● What this task involves:
Beginning at the line with "A Poway woman", please repeat each line exactly through the end of the records below, including that first line and the last, but no pictures.

Data excerpts
+---+

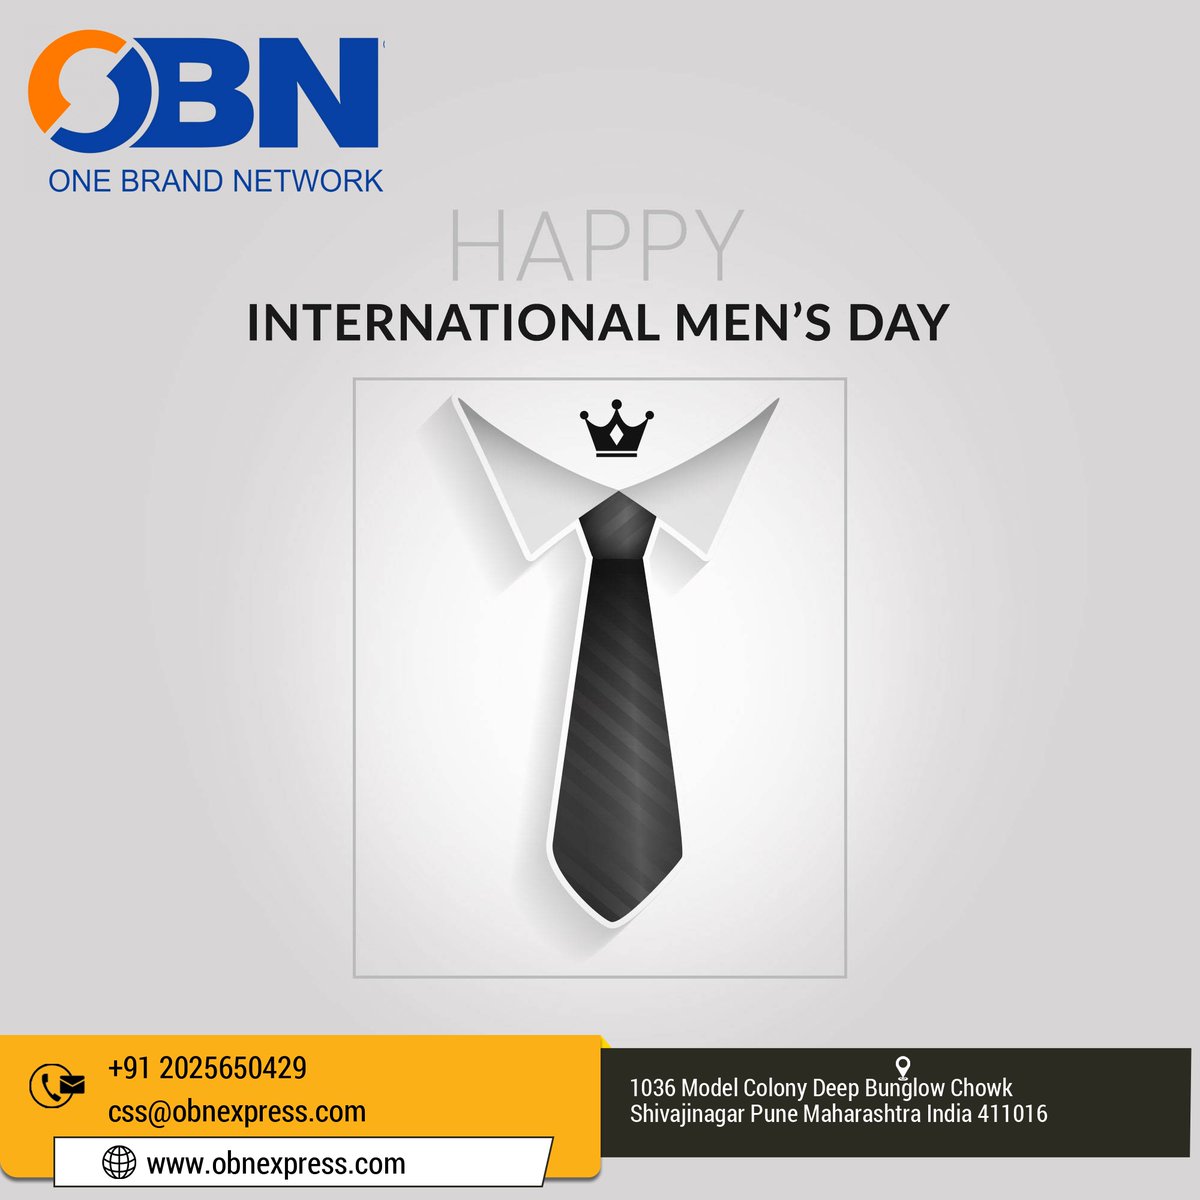 The beauty of all men is that each has a special quality, and it is incredible when you discover their true heart. Happy #InternationalMen'sDay!

#MensDay #trueheart  #obnexpress

https://t.co/8YkBNic9iI https://t.co/ZuLz7x6eDO
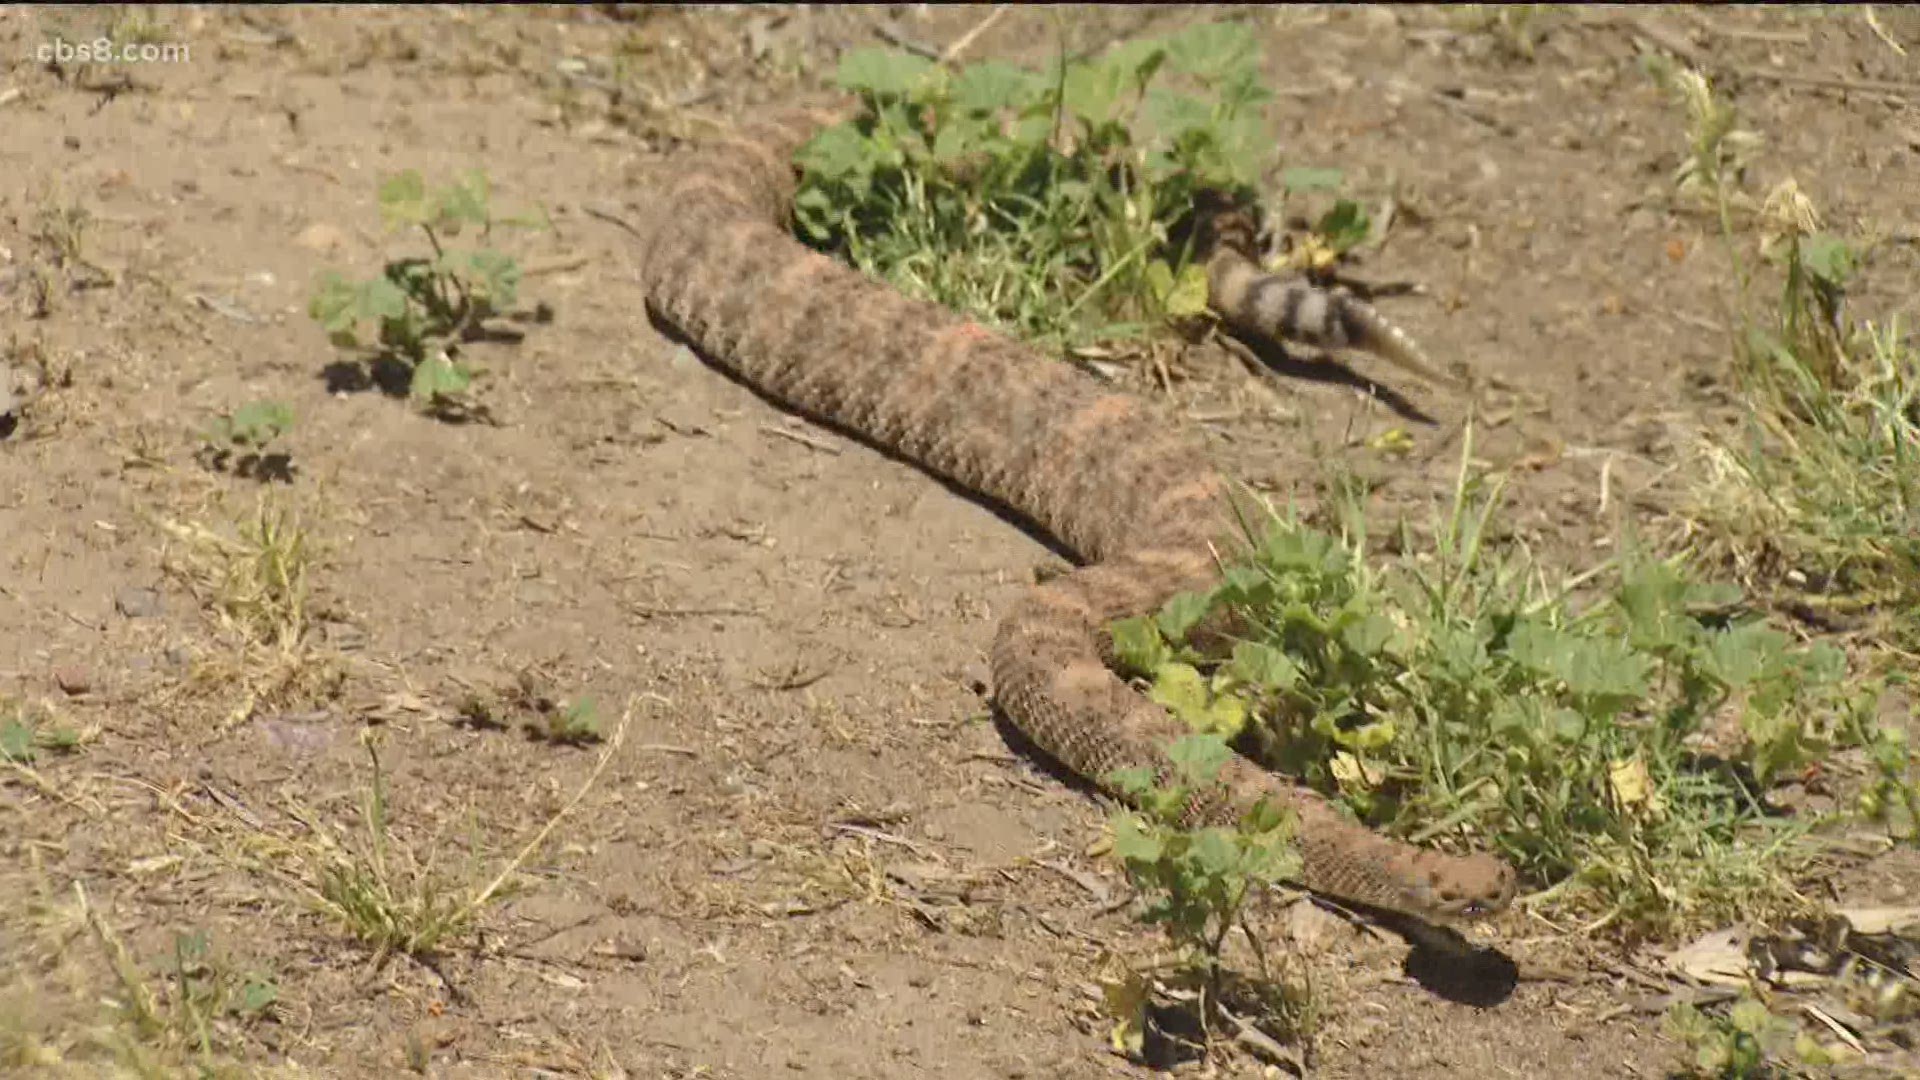 A Poway woman spent three days in the ICU after a rattle snake bit her in late April.
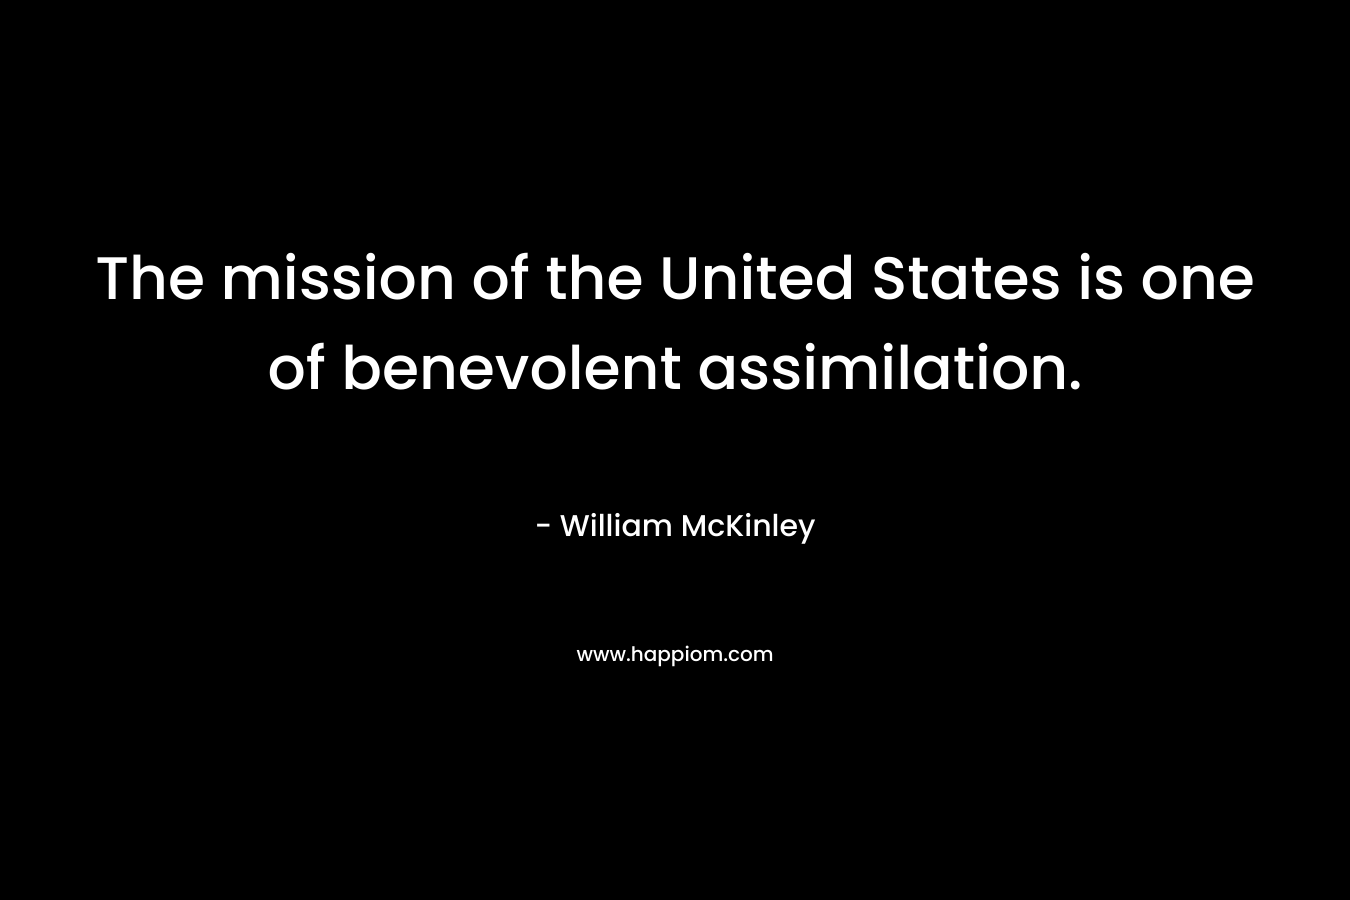 The mission of the United States is one of benevolent assimilation.

+---+

● Solution to the problem:
 A Poway woman spent three days in the ICU after a rattle snake bit her in late April.
 The mission of the United States is one of benevolent assimilation.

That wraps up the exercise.